- **The problem**
Leave the pictures out. Return all other data exactly.

- **Source data**

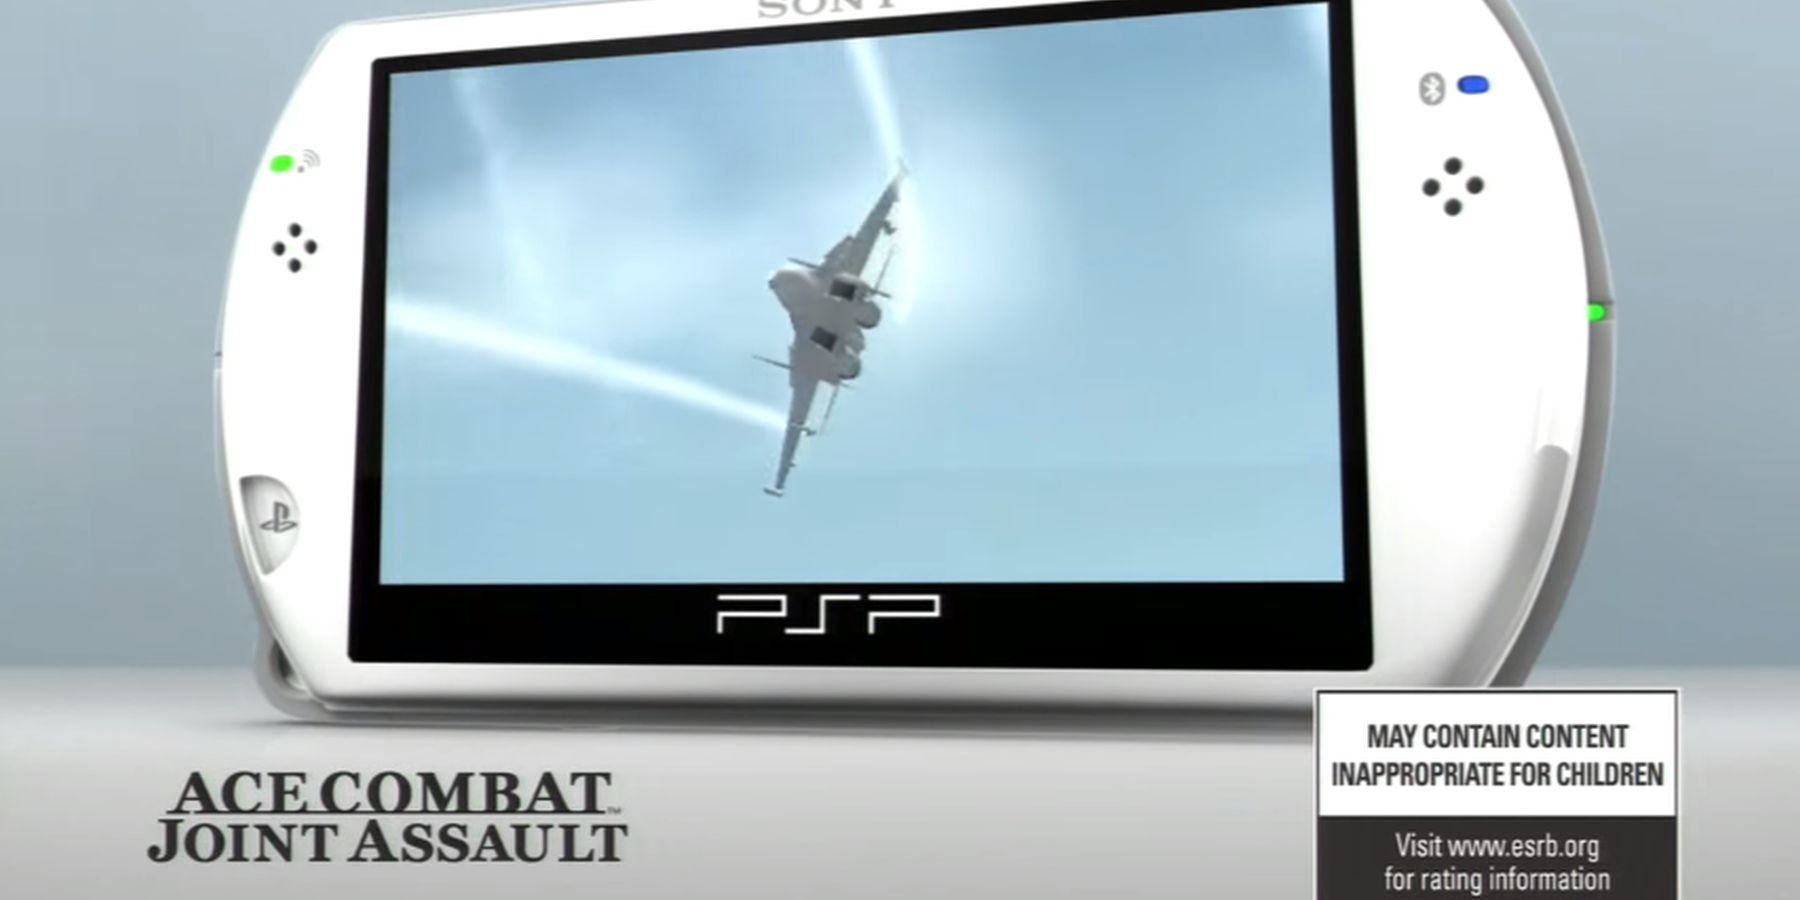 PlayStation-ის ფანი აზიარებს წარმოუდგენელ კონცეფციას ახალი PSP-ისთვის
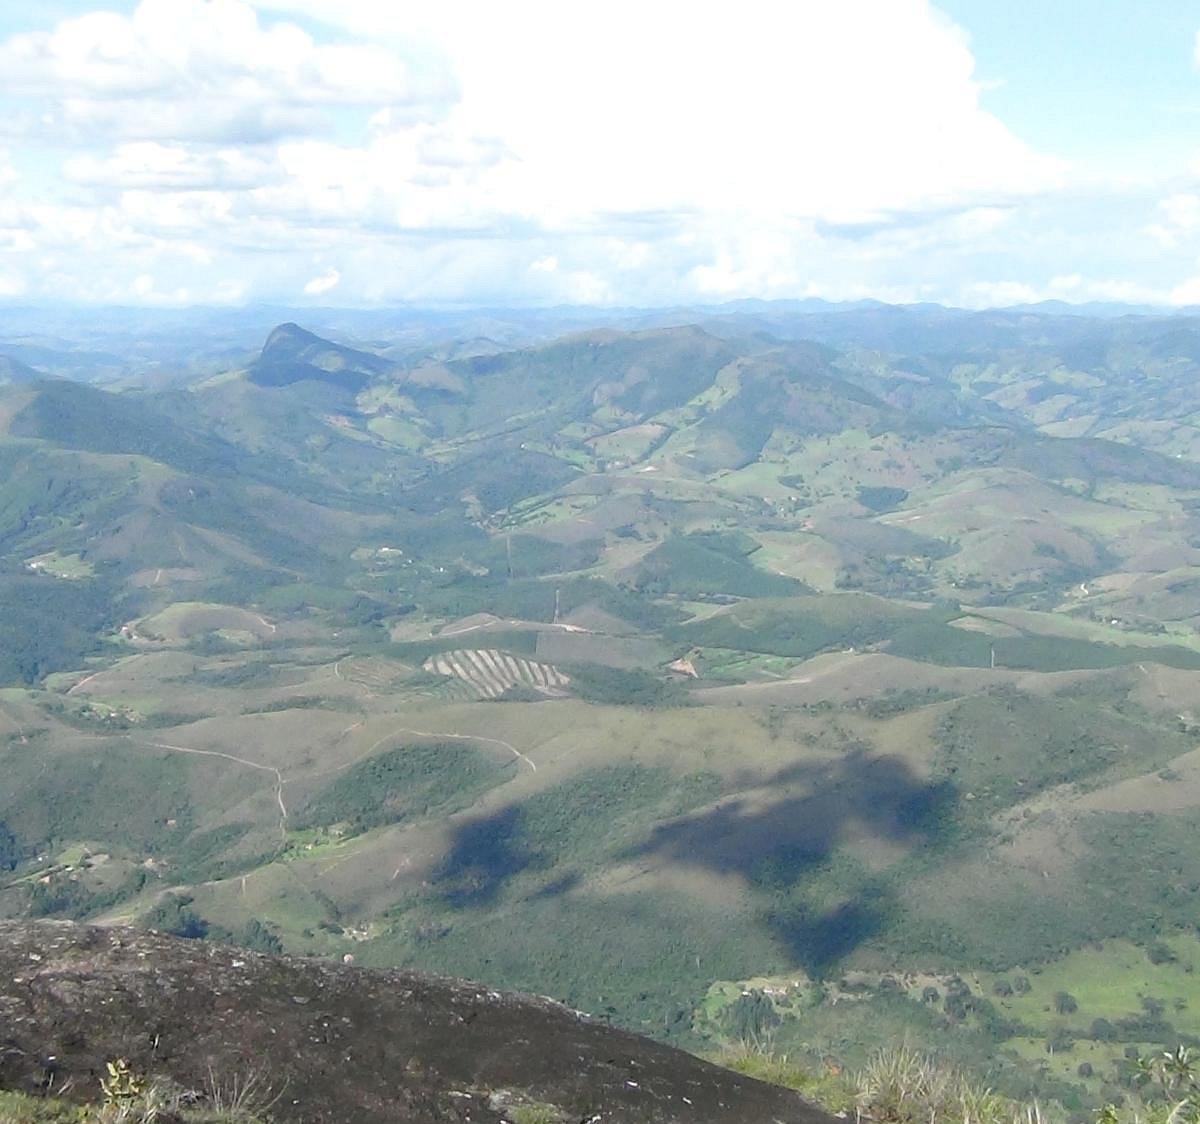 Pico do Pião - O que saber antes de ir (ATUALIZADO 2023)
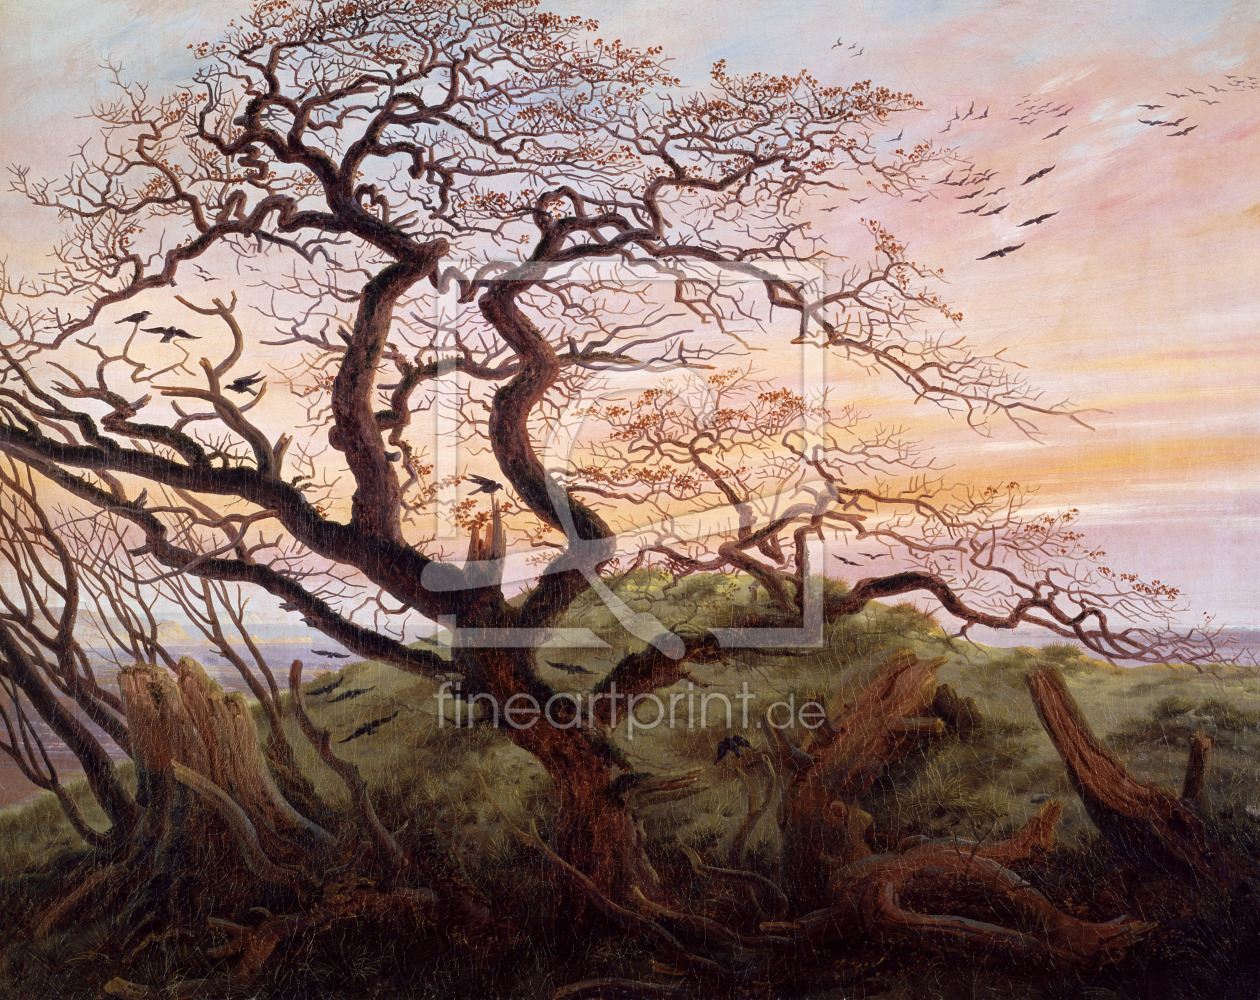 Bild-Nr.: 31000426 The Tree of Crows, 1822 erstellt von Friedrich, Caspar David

- **Exercise solution**
 PlayStation-ის ფანი აზიარებს წარმოუდგენელ კონცეფციას ახალი PSP-ისთვის
 Pico do Pião - O que saber antes de ir (ATUALIZADO 2023)
 Bild-Nr.: 31000426 The Tree of Crows, 1822 erstellt von Friedrich, Caspar David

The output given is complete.